Background: Endoscopic balloon dilatation (EBD) is an alternative therapy to avoid or delay surgery in stricturing Crohn’s disease (CD); however, certain factors determining outcomes remain poorly defined, and conflicting evidence exists in current studies. In one of the largest cohorts to date, we assess outcomes following EBD for stricturing CD for both anastomotic and de novo strictures.

Methods: A retrospective cohort study of CD patients undergoing EBD was conducted at 12 hospitals across Australia and New Zealand. Local databases were used to identify cases from February 1999 to November 2019. Data from patient endoscopy reports and medical records were used to determine patient medical details and EBD outcomes. Multivariable analysis was undertaken to identify factors associated with technical and long-term success.
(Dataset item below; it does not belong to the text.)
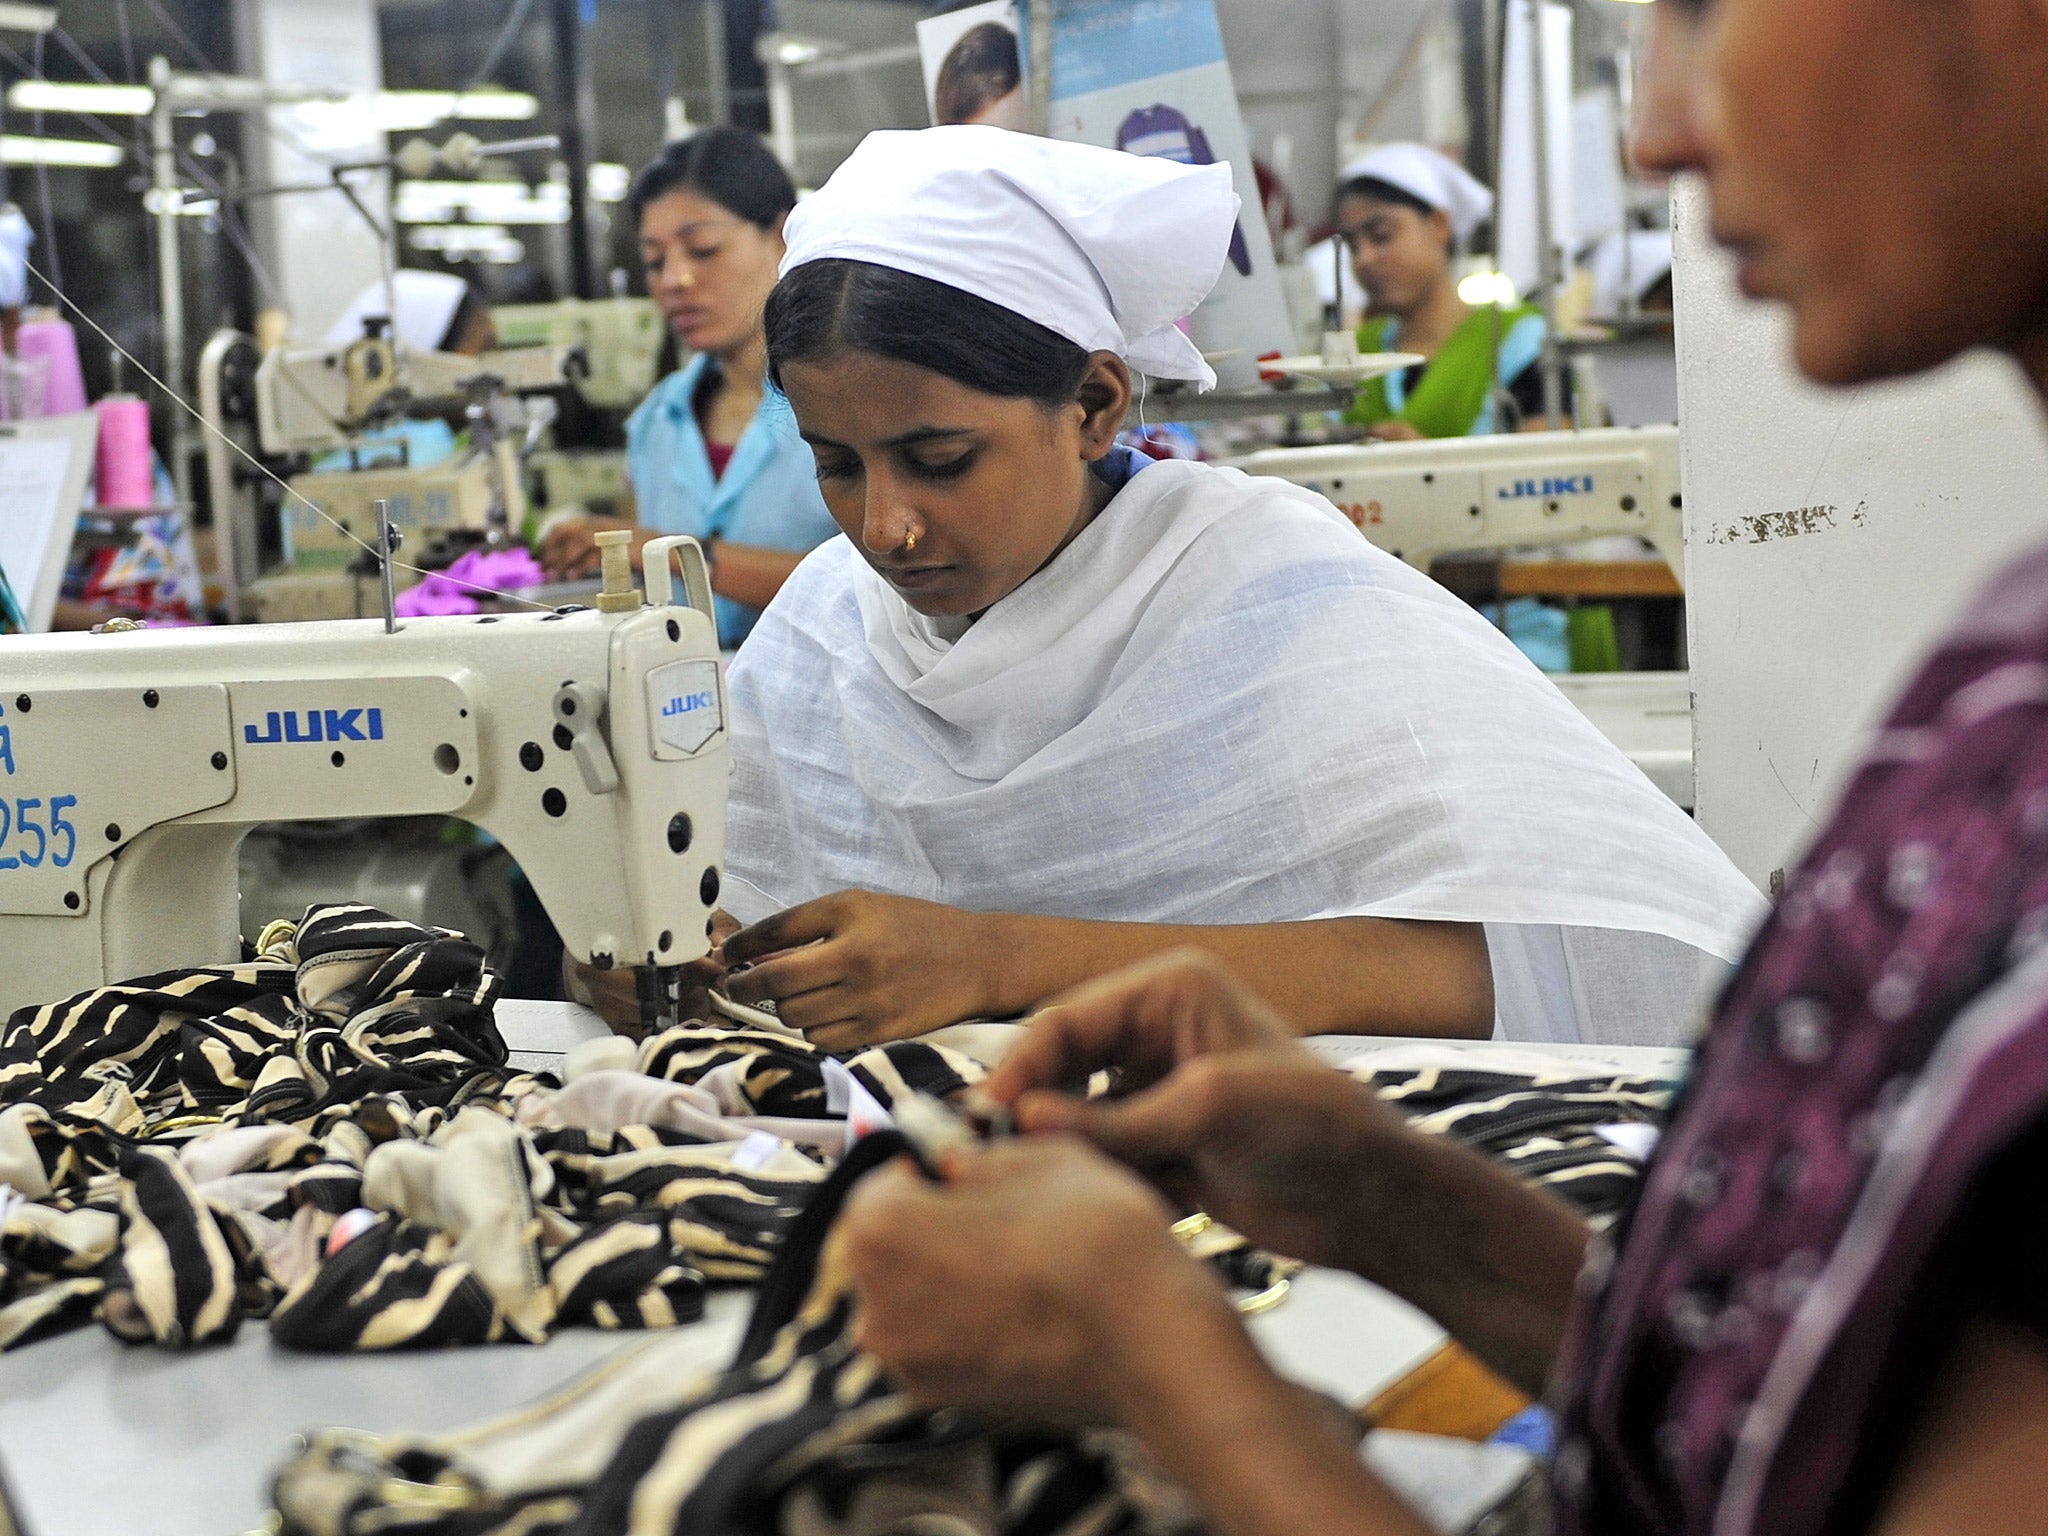 Bangladesh is the world's second-largest exporter of garments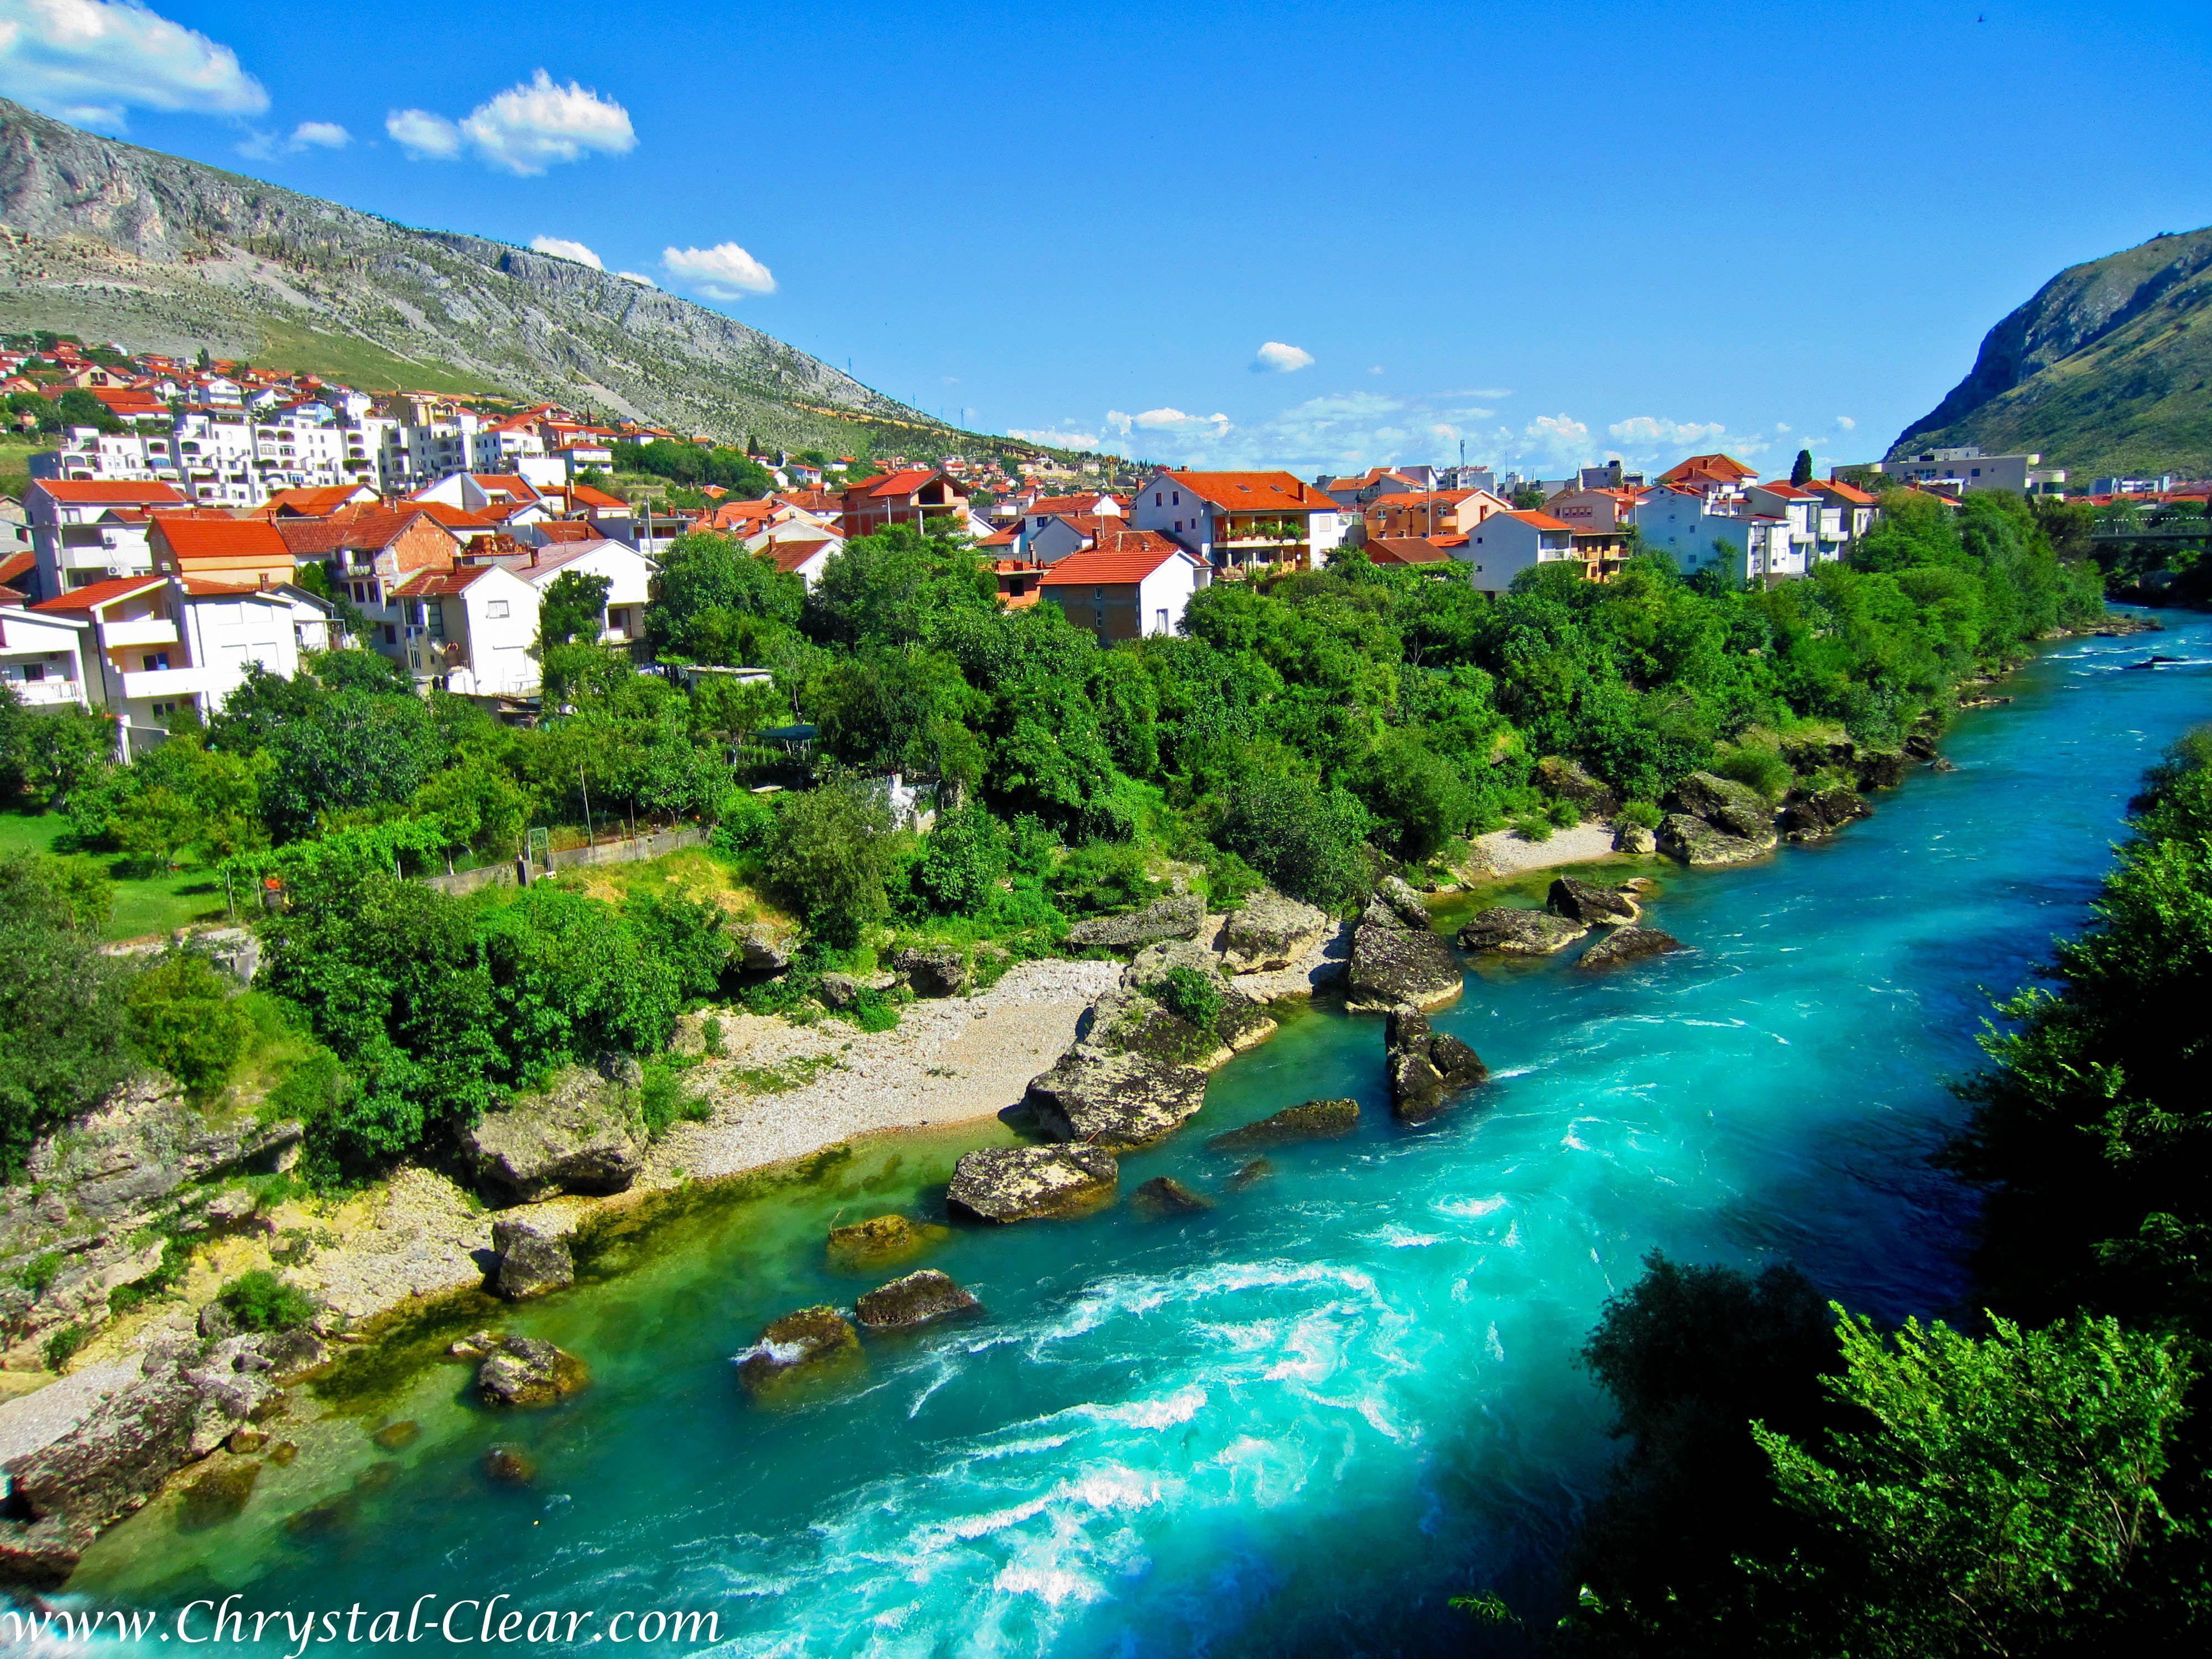 Bosnia Wallpaper for PC. Full HD Picture

Results: A total of 273 patients with stricturing CD were identified (48% female; 49.6% Montreal L3 disease). Of 695 EBD procedures (355 anastomotic, 340 de novo strictures), the majority (80.1% of strictures with identified length) was performed on short strictures (< 4 cm). Technical success, defined as the ability to traverse the stricture with a colonoscope after dilation, was achieved in 577 (83%) of endoscopic procedures, with success more likely with de novo strictures compared with anastomotic strictures (aOR: 3.21, P = 0.010). A significantly higher failure rate was noted with long strictures (aOR: 0.09, P < 0.001). A total of 74 patients (27%) required surgery within 5 years with stricture length, the only significant factor associated with increased surgery risk (aHR: 2.37, P < 0.01).

Conclusion: EBD is a highly effective and safe procedure in both de novo and anastomotic strictures < 4 cm that can prevent or delay the need for surgical treatment.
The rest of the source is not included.